Seqanswers Leaderboard Ad

**dpryan** · 10-31-2013, 04:53 AM

There are a couple ways to go about that. Do you need/want to include multimappers in your fpkm/rpkm numbers (it's faster not to)? Do you want to try to estimate the appropriate transcript length or just use a union gene model (the latter is faster)? If you're happy just using the unique alignments (the counts file from htseq-count) and using a single precomputed size for each gene, then you can make the calculations very quickly. Otherwise, you end up needing cufflinks or something similar and a lot of time.

**a_mt** · 10-31-2013, 04:54 AM

Hi feralBiologist,

There's a qucik way to do it:

1. convert your SAM/BAM to wiggle file (you can use bedtools)

2. multiply every value in wiggle by (1,000,000/no. of reads)

for eg: if you have 150 million reads, (1,000,000/150,000,000) would be 0.006666

So multiply every wiggle by 0.00666 !

**feralBiologist** · 10-31-2013, 07:47 AM

Originally posted by dpryan View Post

There are a couple ways to go about that. Do you need/want to include multimappers in your fpkm/rpkm numbers (it's faster not to)?

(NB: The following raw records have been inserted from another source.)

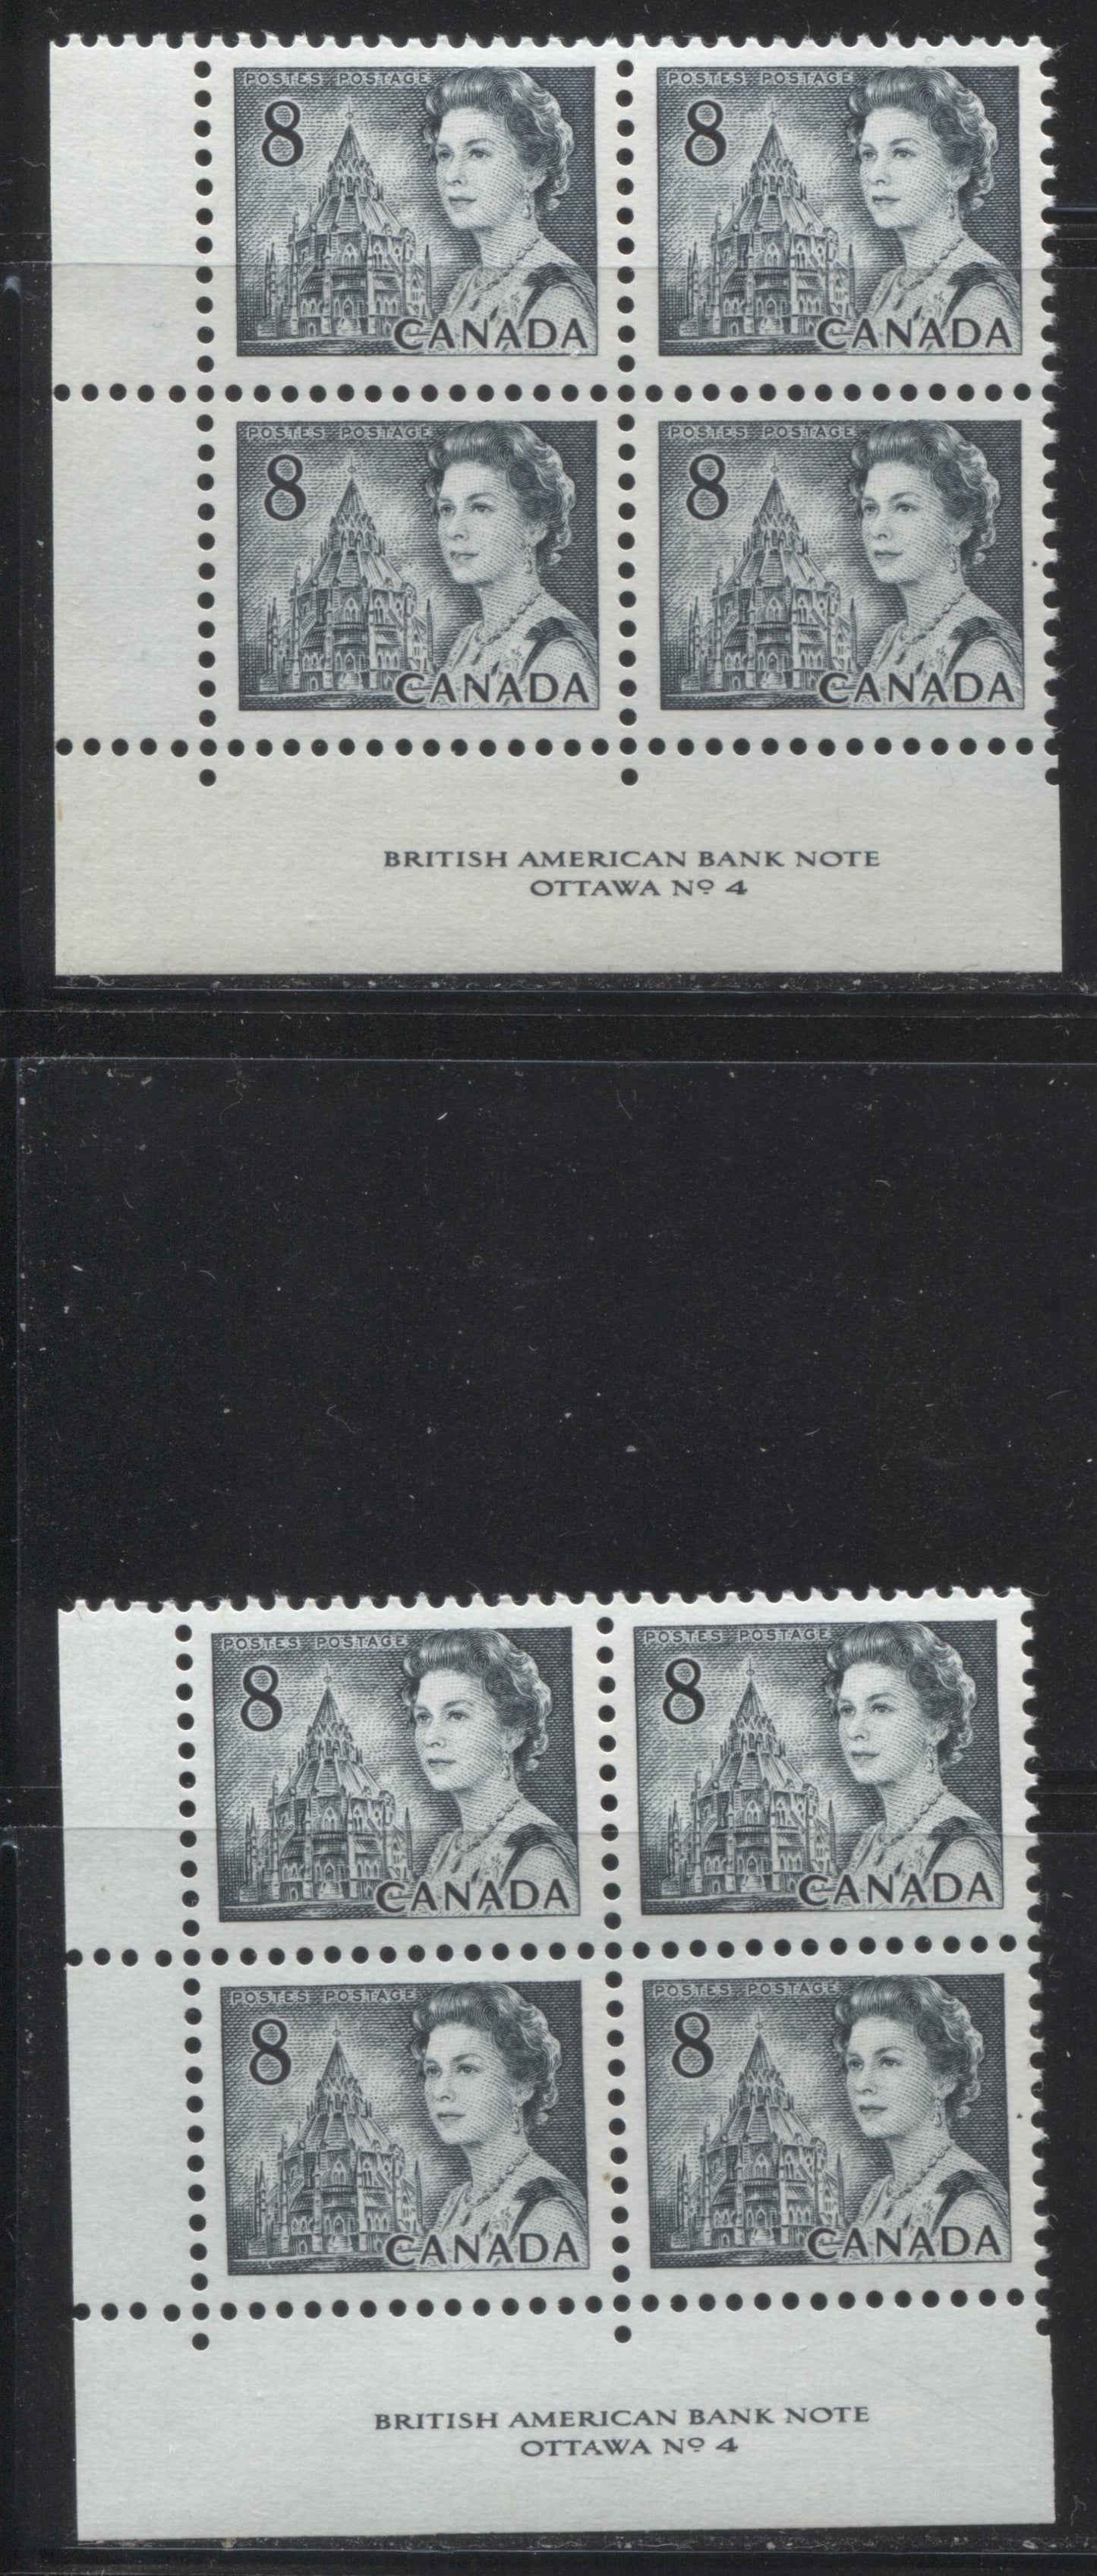 Lot 135 Canada #544ii 8c Slate Queen Elizabeth II, 1967-1973 Centennial Issue, Two VFNH LL Plate 4 Blocks Of 4 On LF Grayish White & Violet On Back, Ribbed Papers With PVA Gums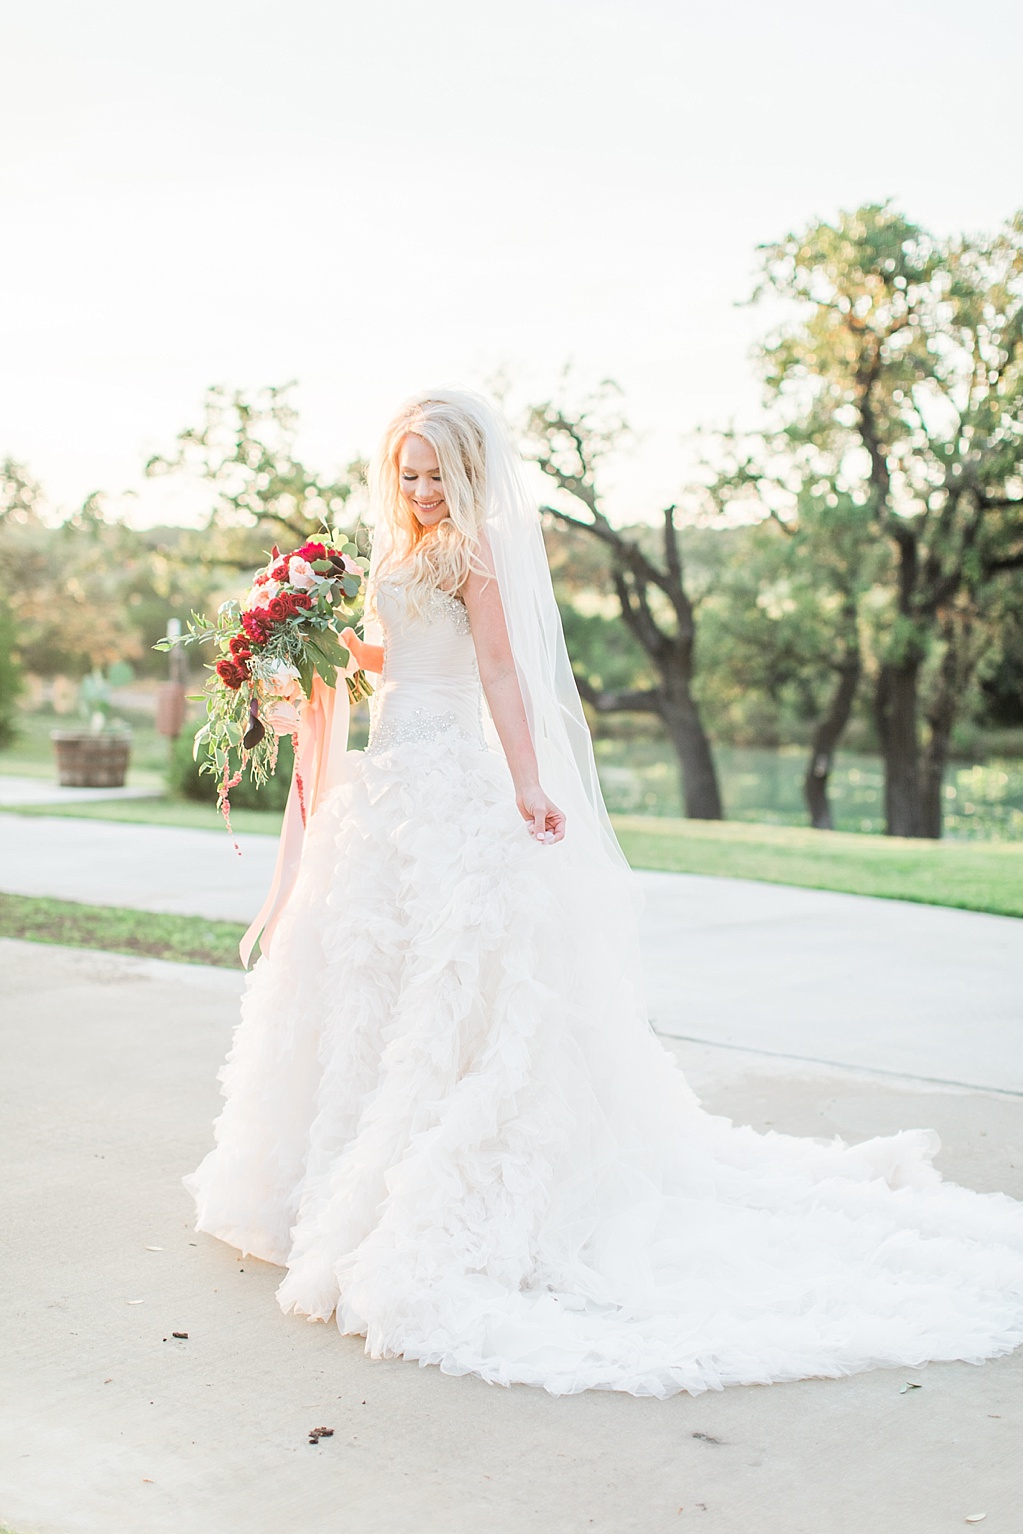 A Classic Bridal Session at Turtle Creek Olive Grove Wedding Venue in Kerrville, Texas 0021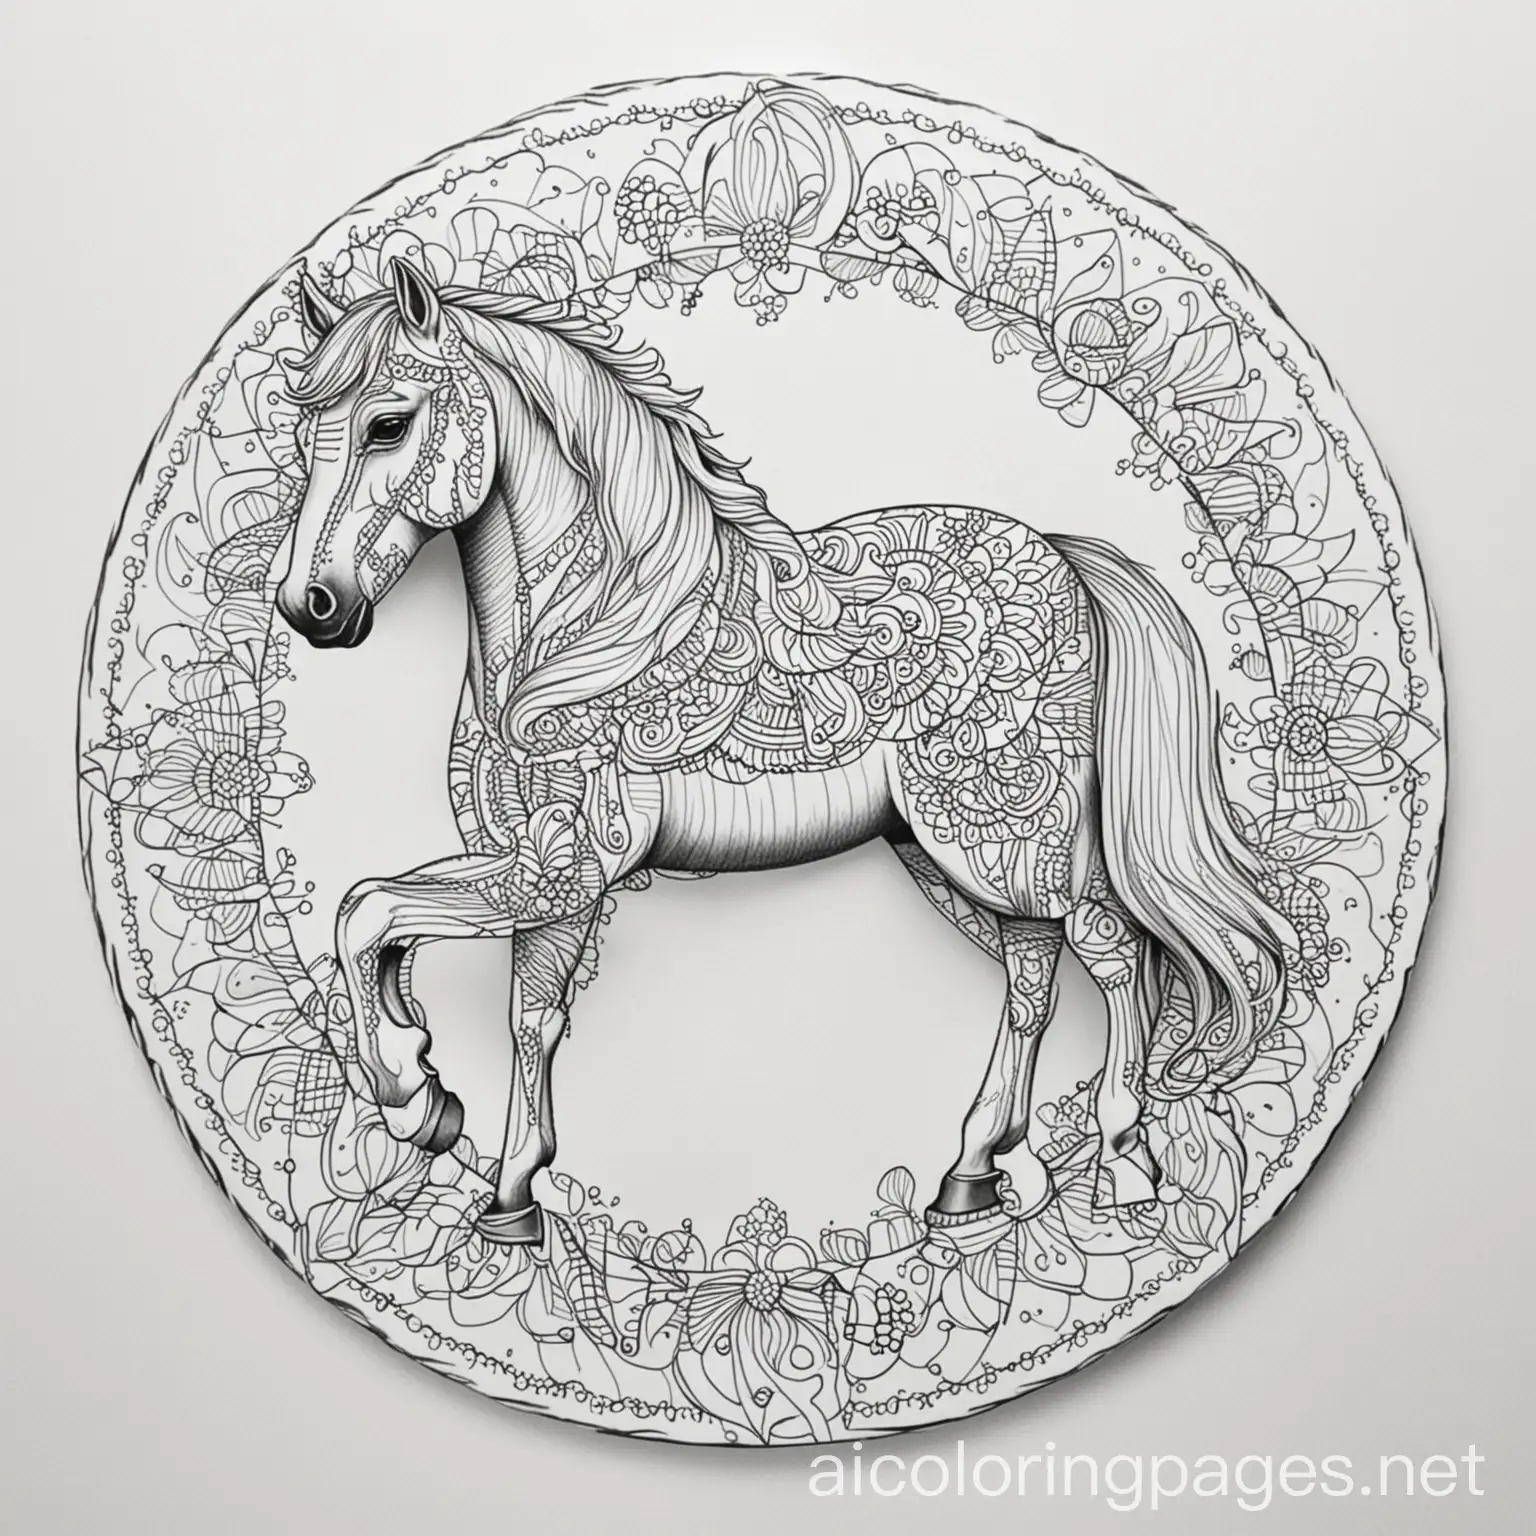 Mandala-Horse-Coloring-Page-Black-and-White-Line-Art-for-Kids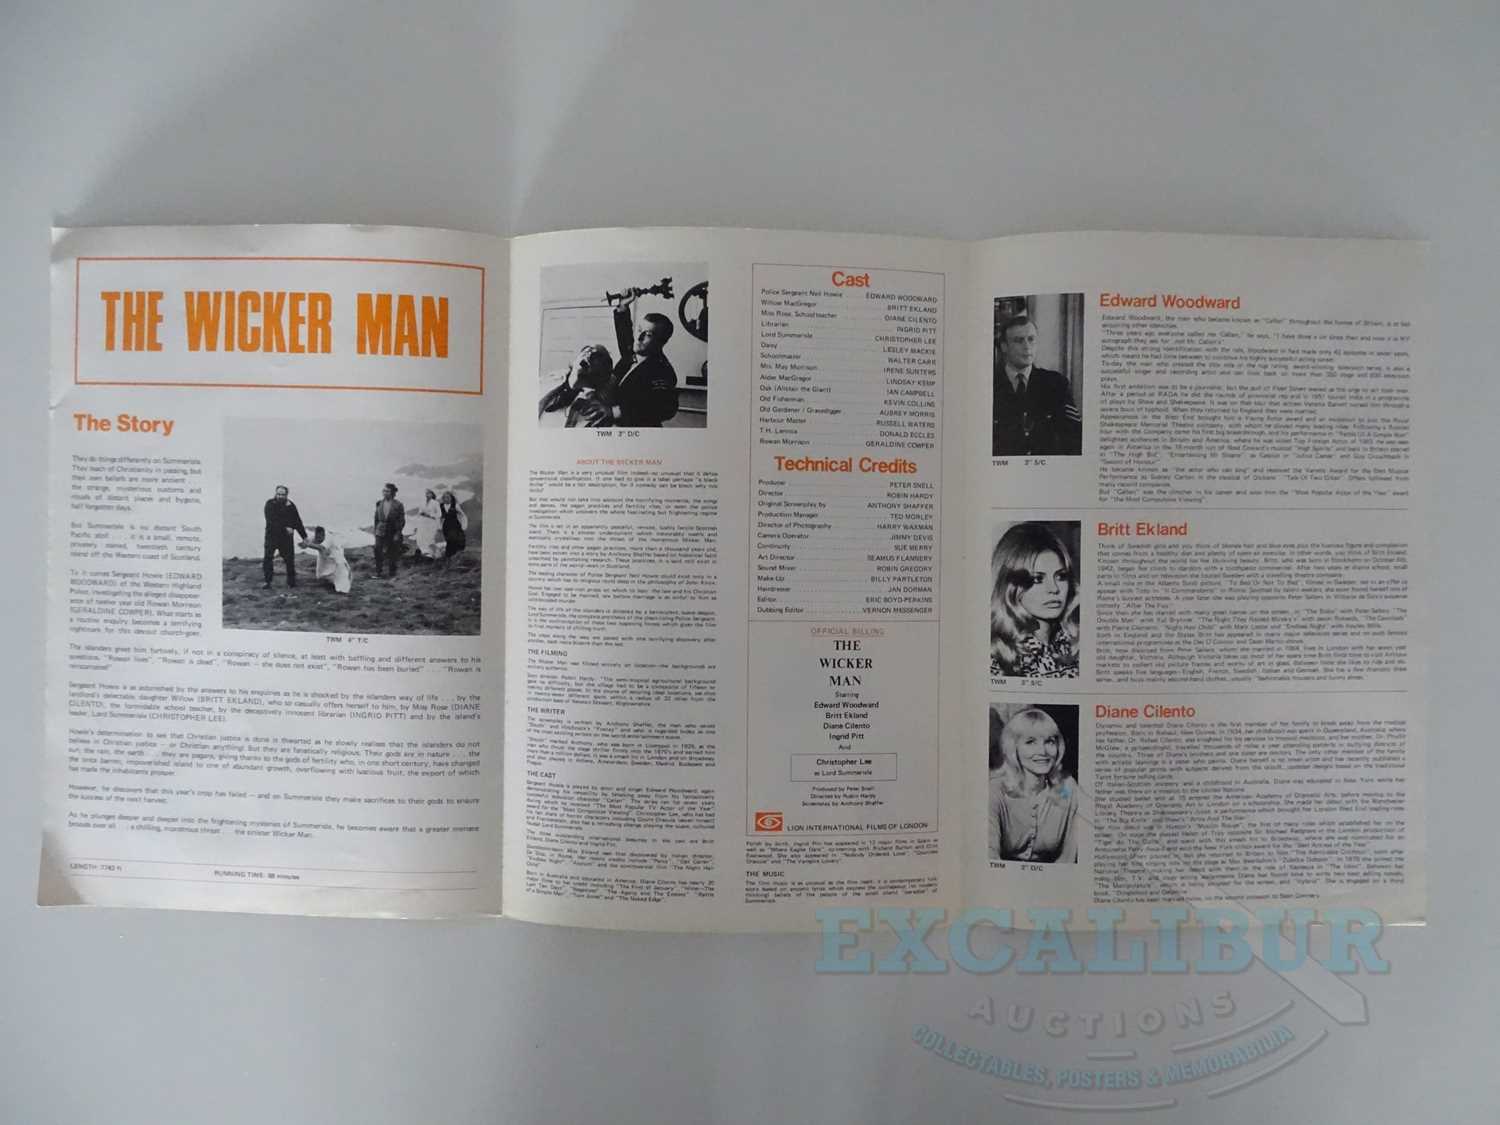 THE WICKER MAN (1973) - A British press campaign brochure - Flat/Unfolded (as issued)(1 in lot) - Image 2 of 2

Do you want to try to estimate the appropriate transcript length or just use a union gene model (the latter is faster)? If you're happy just using the unique alignments (the counts file from htseq-count) and using a single precomputed size for each gene, then you can make the calculations very quickly. Otherwise, you end up needing cufflinks or something similar and a lot of time.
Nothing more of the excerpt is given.